### WHAT YOU HAVE TO DO
Return all of the data below verbatim and exclude every picture.

### DATA EXTRACT

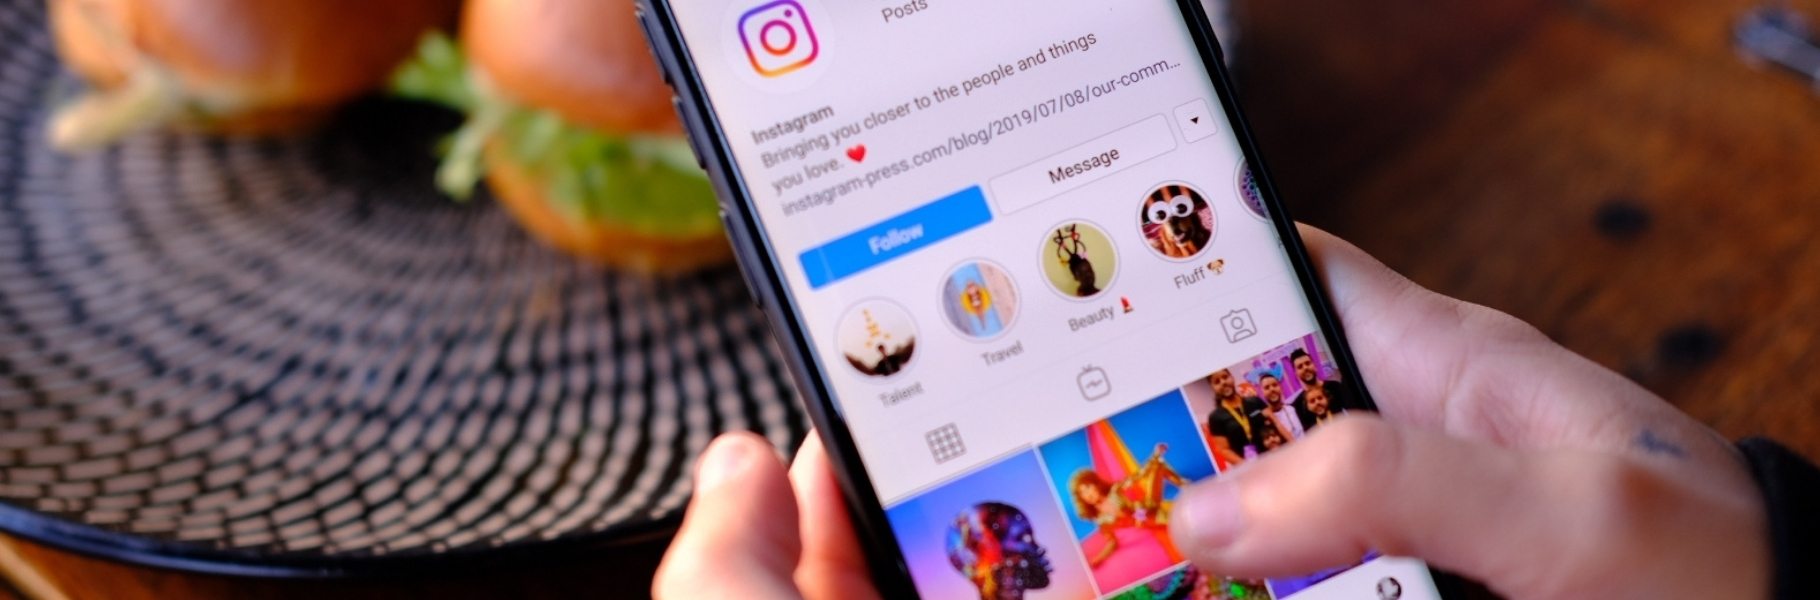 ????¿Cómo poner varias fotos en una historia de Instagram? | Crehana
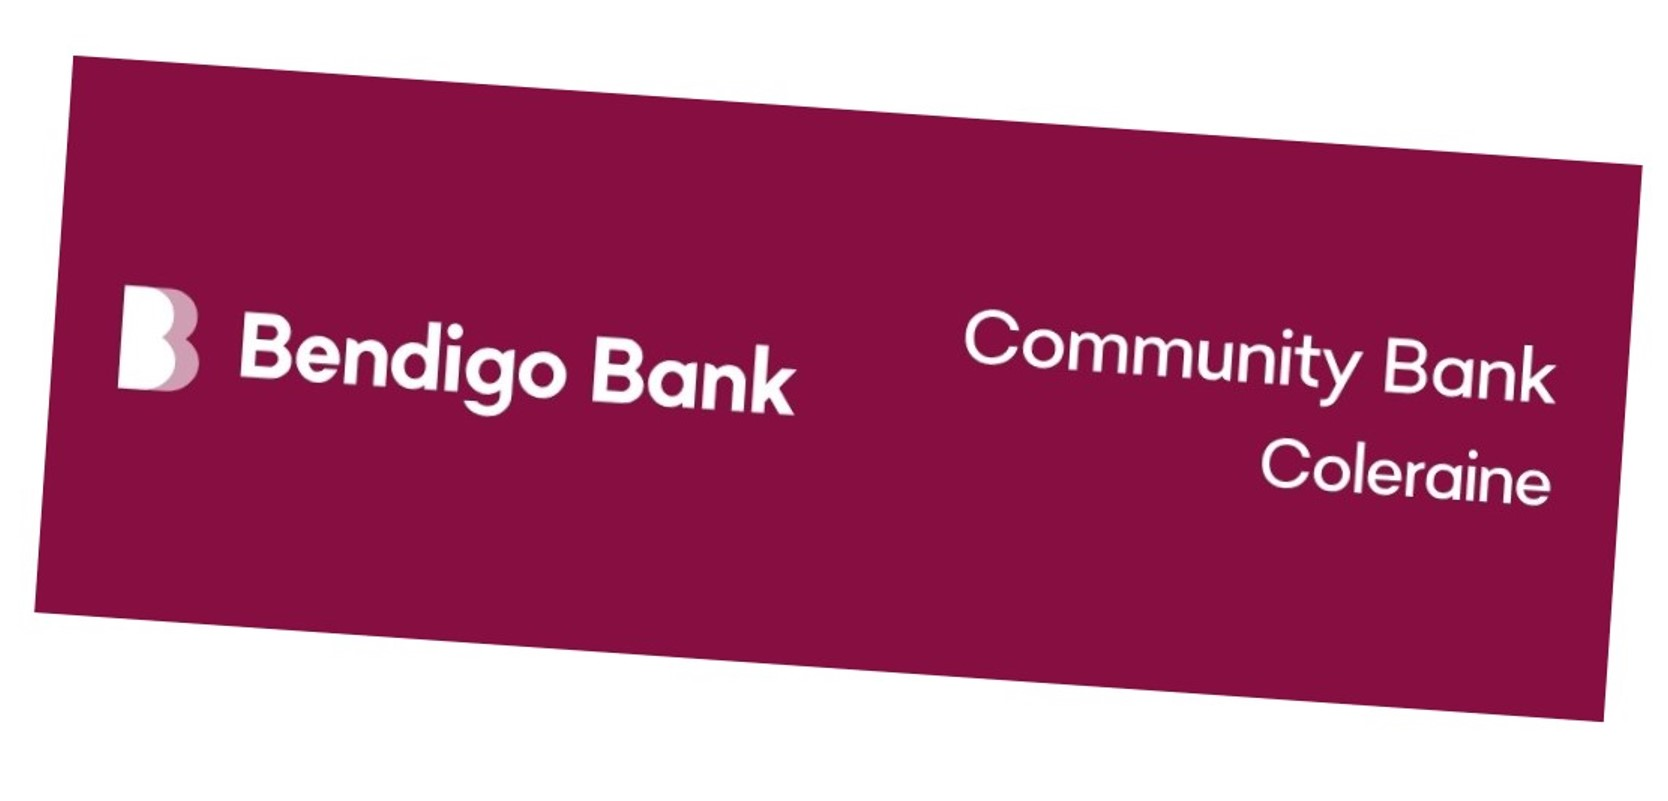 bendigo-bank
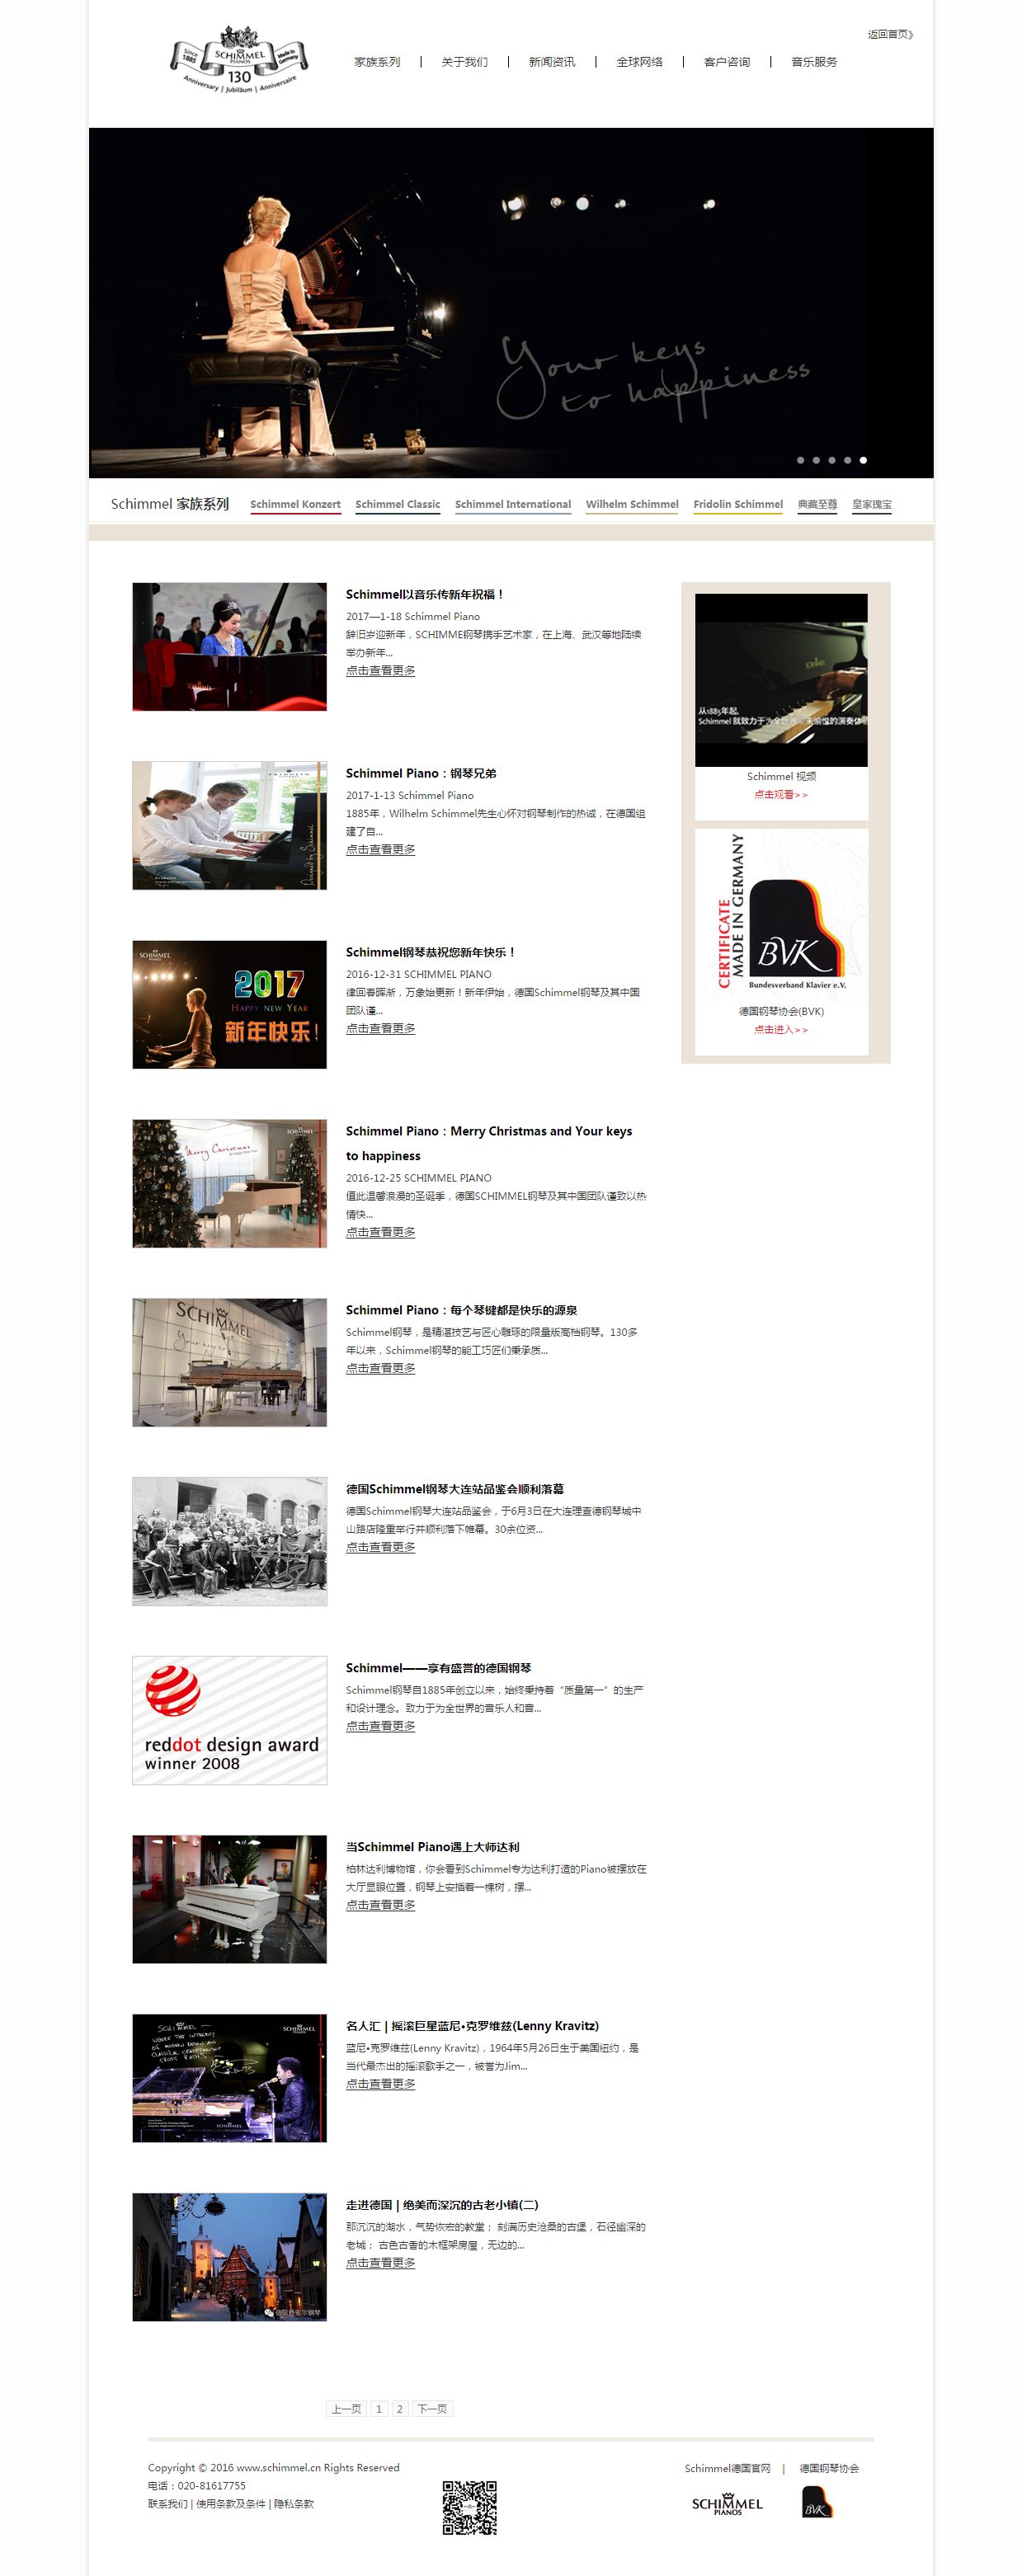 珠江钢琴（schimmel）品牌网站建设项目开通上线啦！

### OUTPUT OF THE EXERCISE
 ????¿Cómo poner varias fotos en una historia de Instagram? | Crehana
 bendigo-bank
 珠江钢琴（schimmel）品牌网站建设项目开通上线啦！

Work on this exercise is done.